Pregnant Filipino women have been recruited to travel overseas legally as tourists then sell their newborns to waiting adoptive parents, the Department of Social Welfare and Development said on Wednesday.
Social Welfare Undersecretary Alicia Bala disclosed the newest form of child trafficking at the 11th Global Consultation on Child Welfare Services in Makati City.
Bala said that two cases had so far been reported—one in Austria two years ago and another in Malta last year.
Speaking about the latest case in Malta, Bala said: “The mother who’s pregnant [was] sponsored to go to that place with the intent of having the child adopted.”
“This is a form of trafficking… Our attention was called by Malta authorities,” she told reporters.
The mother has returned to the country but her child is now undergoing procedure for adoptive parents to keep the baby in custody.
“This is just one instance but, who knows, there may be other cases that are not brought to our attention. It is a prearranged plan of giving birth there, then they give the baby up. They don’t keep the baby because there is already that intention to have the baby adopted abroad,” Bala said.

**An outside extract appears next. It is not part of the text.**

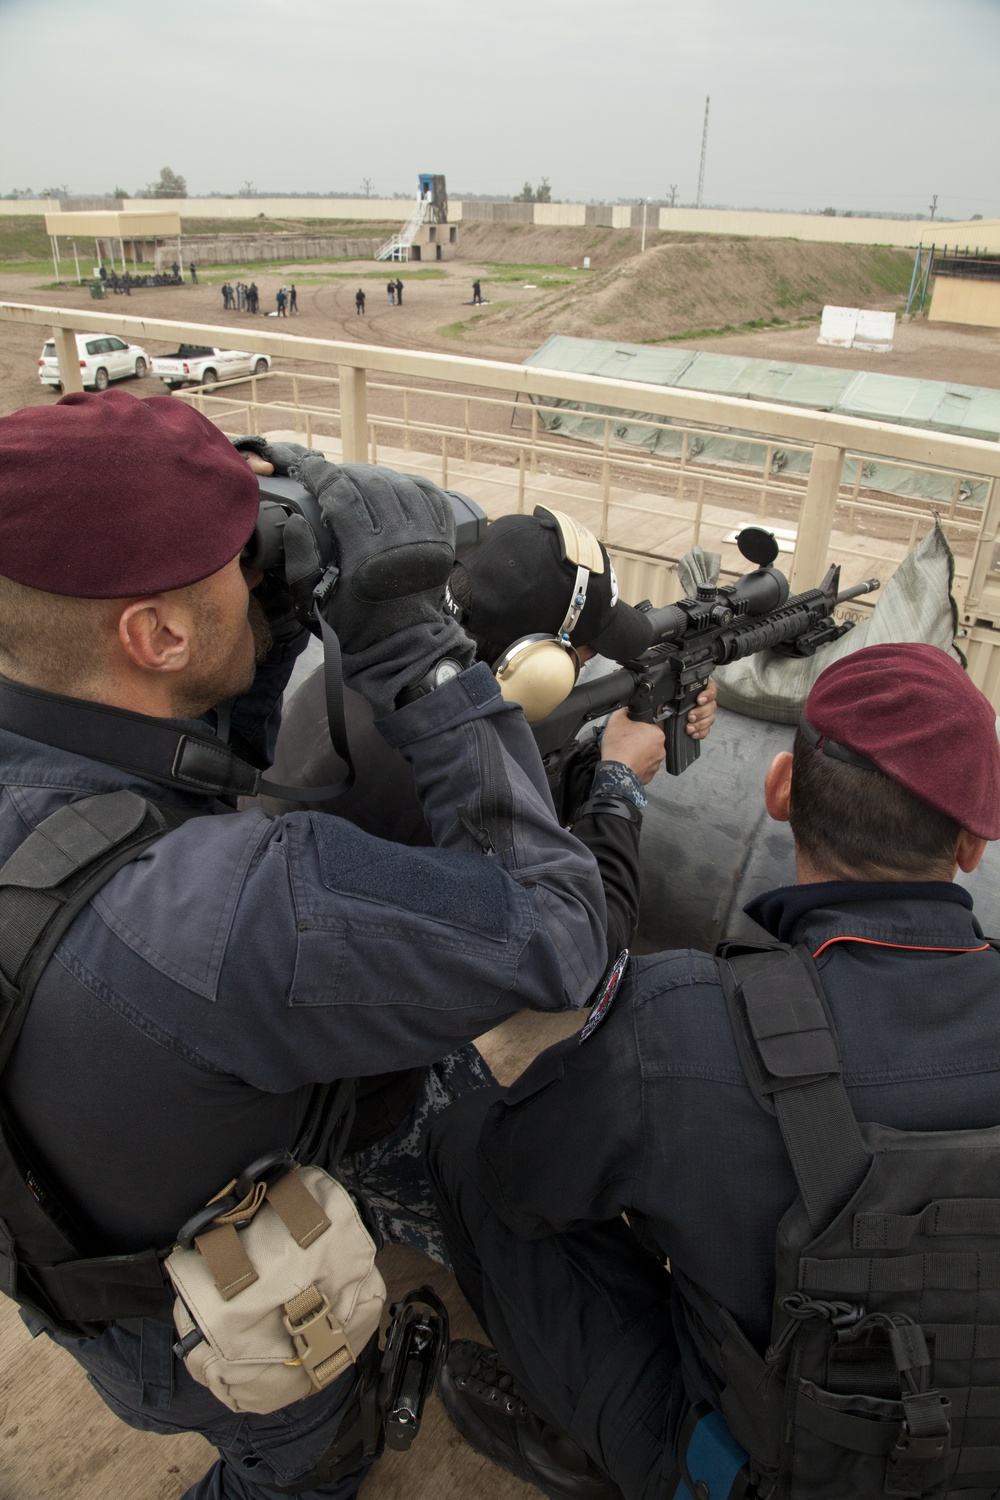 Carabinieri train Iraqi police

As the mothers are able to exit the country legally, such cases are hard to detect unless reported by the receiving country, Bala said.
“You can’t stop anyone from traveling. There’s no reason for immigration agents to be suspicious about why a pregnant woman is going overseas. Maybe there’s a facilitator here,” Bala said.
Philippine system worth emulating
The report surfaced after the Philippines overcame its status as among nations in the United States’ Tier 2 human trafficking watch list.
Between 400 and 500 Filipino children, among them orphans and abandoned children, are adopted by overseas parents under a Philippine system managed by the Inter-Country Adoption Board.
Following a careful process of screening adoptive parents and matching candidate children, most Filipino kids are legally adopted in homes in the United Sates, Canada, France and other European countries.
Jennifer Degeling, representative from The Hague, cited the Philippine’s inter-country adoption system as one that other nations could emulate.
She said well-trained professionals were handling the process, screening parents and matching prospective babies to homes that would best provide them their needs.
“You have managed to develop a very balanced relationship with countries who adopt your children, so I think the Philippines has retained control,” Degeling noted.
“Not as in other countries, here you have very professional people looking at all of the needs of the child and look for a foreign family that look after the best interest of the child,” she added.
Child welfare officials from Cambodia and Nepal have expressed interest in replicating the Philippines’ overseas adoption system, officials said.